Greater Cambridge Local Plan Preferred Options

Representation ID: 60779

Received: 13/12/2021

Respondent: Cambridge and South Cambridgeshire Green Parties

Representation Summary:

Great places have a blend of community, nature, and beauty, Cambridge is losing theirs.
No recognition Cambridge is a city heritage asset of worldwide significance meeting UNESCO’s Outstanding Universal Value criteria for World Heritage status.

Historic landscape and open spaces considered as green infrastructure not as historic environment.

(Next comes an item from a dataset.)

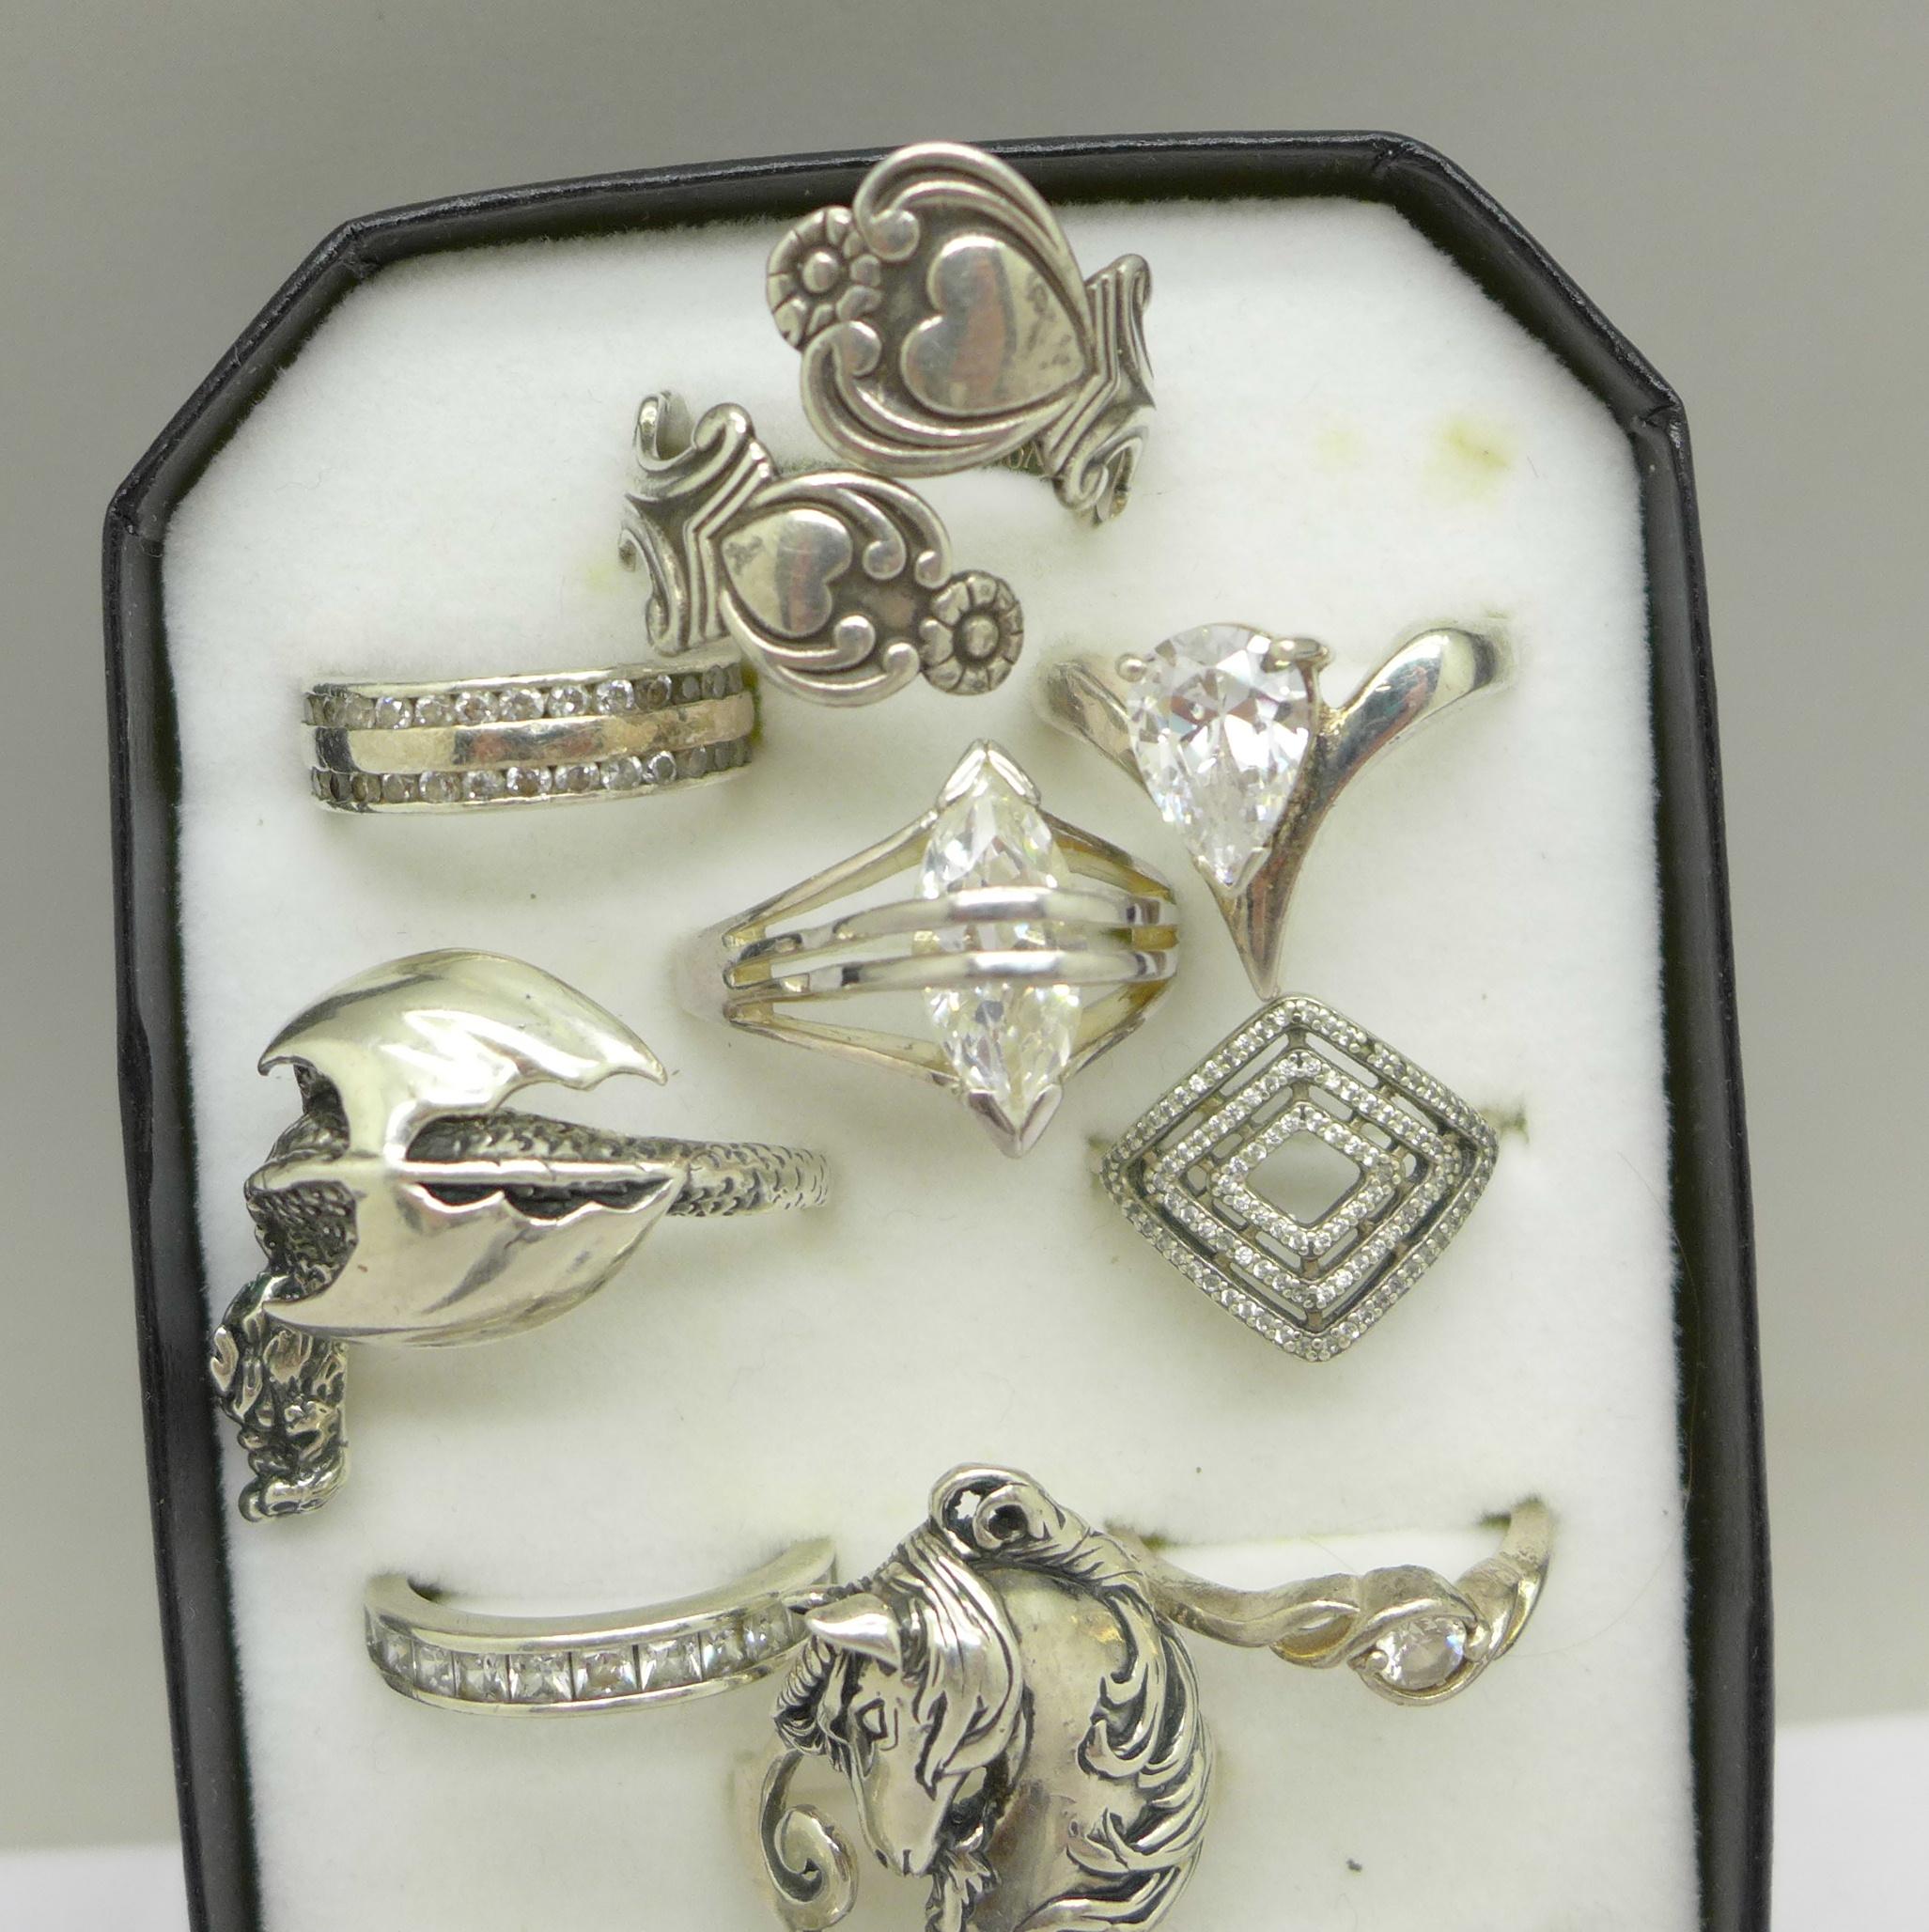 Twelve silver rings - Image 3 of 3

Concern the evidence base for Great Places is inadequate, and the proposals are premature pending a
thorough review of the success or failure of existing policies.

Community
New neighbourhoods need additional community spaces to encourage cohesion and local friendships.

Nature
Concerns for availability and quality of spaces interacting with nature. New developments need to do better, people need space to walk in nature, to watch it, to rest in it.

Beauty
Cambridge's heritage of incredible architectural inheritance is being lost on it's central streets.

Full text:

Great places have a compelling blend of community, nature, and beauty. Cambridge is destroying all of
these, and rapidly creating naff spaces.
The Great Places paper refers to Heritage Assets, but completely fails to recognise that the city of Cambridge is a city heritage asset of worldwide significance which meets UNESCO’s Outstanding Universal Value criteria for World Heritage status.
This significance derives from the combination of its built and natural heritage. The draft Plan fails to recognise the vital role which this special character plays in making Cambridge a great place to live in, work, study, and visit.
The draft Plan’s approach involves a false separation between Landscape and Townscape (Objective 6)
and Historic Environment (Objective 7), which for Cambridge has resulted in inadequate consideration
and valuation of the historic city in its historic landscape setting, with historic landscape and open spaces
considered as green infrastructure but not as historic environment.
Cambridge’s special character has been, and continues to be, under severe threats from the quantum of already approved growth (built developments and pressures on both streets and green spaces). There are severe environmental capacity issues in trying to accommodate the demands of a 21st century city within what remains the built fabric and spaces of a medieval market town.
These fundamental conflicts between growth on the one hand and environmental capacity and special character on the other should have been recognised as a key challenge for the draft Local Plan.
But the draft Plan documents include no assessment of current pressures, let alone the impacts of the draft First Proposals.
Instead, para 3.2.4 of the Strategic Heritage Impact Assessment: baseline makes a totally unjustified statement that:
“3.2.4 Future growth in Cambridge has the potential to strengthen and reinforce these characteristics,
enabling the City to meet contemporary environmental, economic and social drivers without undermining
its economic identity”.
Overall, the Evidence base for Great Places is inadequate, and the proposals are premature pending a
thorough review of the success or failure of existing policies.
Community requires a degree of stable population, and works better when people are investing in a place they want to stay in. However, people often come to Cambridge for 5 years in a tech job or a research post and move on again. This benefits the diversity of our city but means that civic engagement is patchy and social networks are largely based on livelihood or interests, rather than place. New neighbourhoods need additional community spaces to encourage cohesion and local friendships.
Independent shops are a good place for community to build, we must do away with the assumption that new developments will orbit around a supermarket.
Nature is being annihilated globally, it is not a problem specific to Cambridge. It is necessary to have some spaces where humans can enjoy interacting with nature, and some spaces where nature can enjoy NOT interacting with humans. For a city, Cambridge is quite wealthy in green spaces, but lockdown and shortage of community facilities have given many green spaces the air of a festival in daytime and a fix room at nighttime. New developments must do better than a tree in a square metre of soil, or a rooftop garden, people need space to walk in nature, to watch it, to rest in it.
Beauty is part of our heritage in Cambridge, not only through the natural world but an incredible architectural inheritance. The narrative on many central streets is one of design and construction skills being lost - vulgar unworthy buildings which spoil the setting of the wonderful ones. Soulless concrete and glass, towers of it, and chain brands that welcome you to Clone Town, Anywhere. And public art that aspires to be vapid enough to fit right in.
We want to see this three-fold destruction paused, until the planning system is fit to support appropriate means to heal the damage.